Objective: To study the incidence of diabetes mellitus between people with prostate cancer and prostatic hyperplasia, and analyze the relationship between diabetes mellitus and prostate cancer.Methods: A retrospective study was conducted in 1 271 prostate cancer patients from 2006 to 2013 in the First Affiliated Hospital of Nanjing Medical University.We randomly selected 1 535 diagnosis of prostatic hyperplasia patients as the control group.
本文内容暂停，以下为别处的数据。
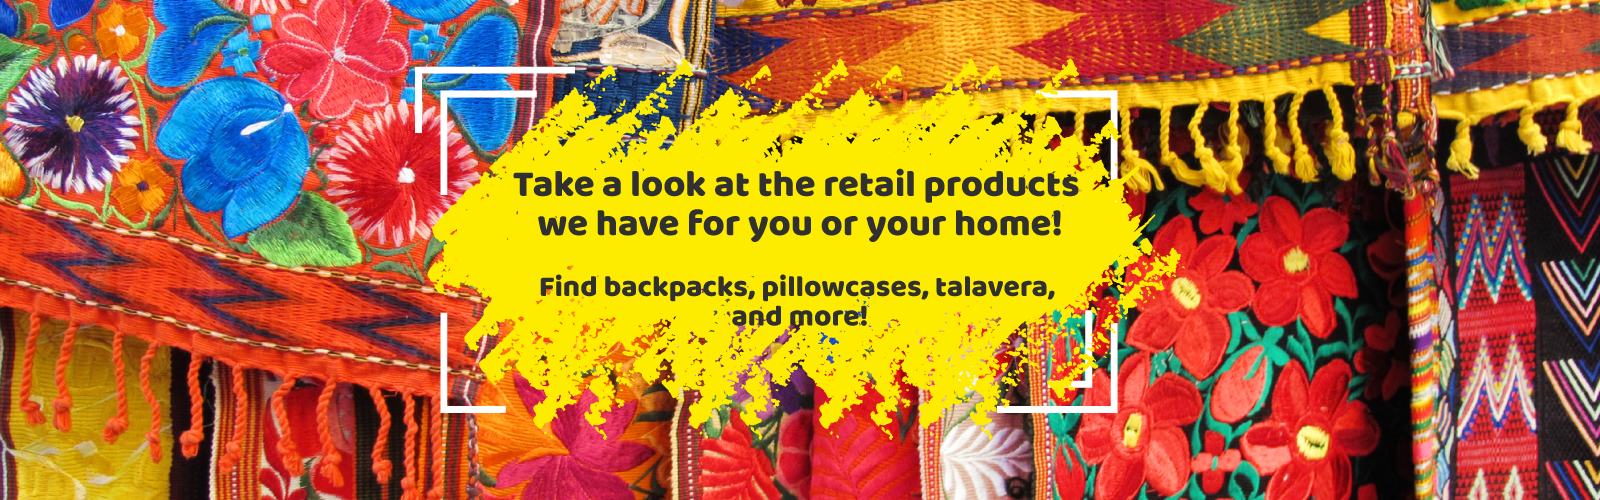 Retail Productos

Results: The diabetes mellitus incidence in prostate cancer group was significantly lower than that in prostatic hyperplasia group (5.5% vs 7.8%, P=0.022). There was no statistical differences of age between the prostate cancer group and the prostatic hyperplasia group(P>0.05). The univariate and non-conditional Logistic regression model analysis showed that there had a negative correlation between diabetes mellitus and the incidence of prostate cancer(OR=0.699;95%CI:0.515, 0.949). Conclusion: Diabetes mellitus may be a protective factor of prostate cancer.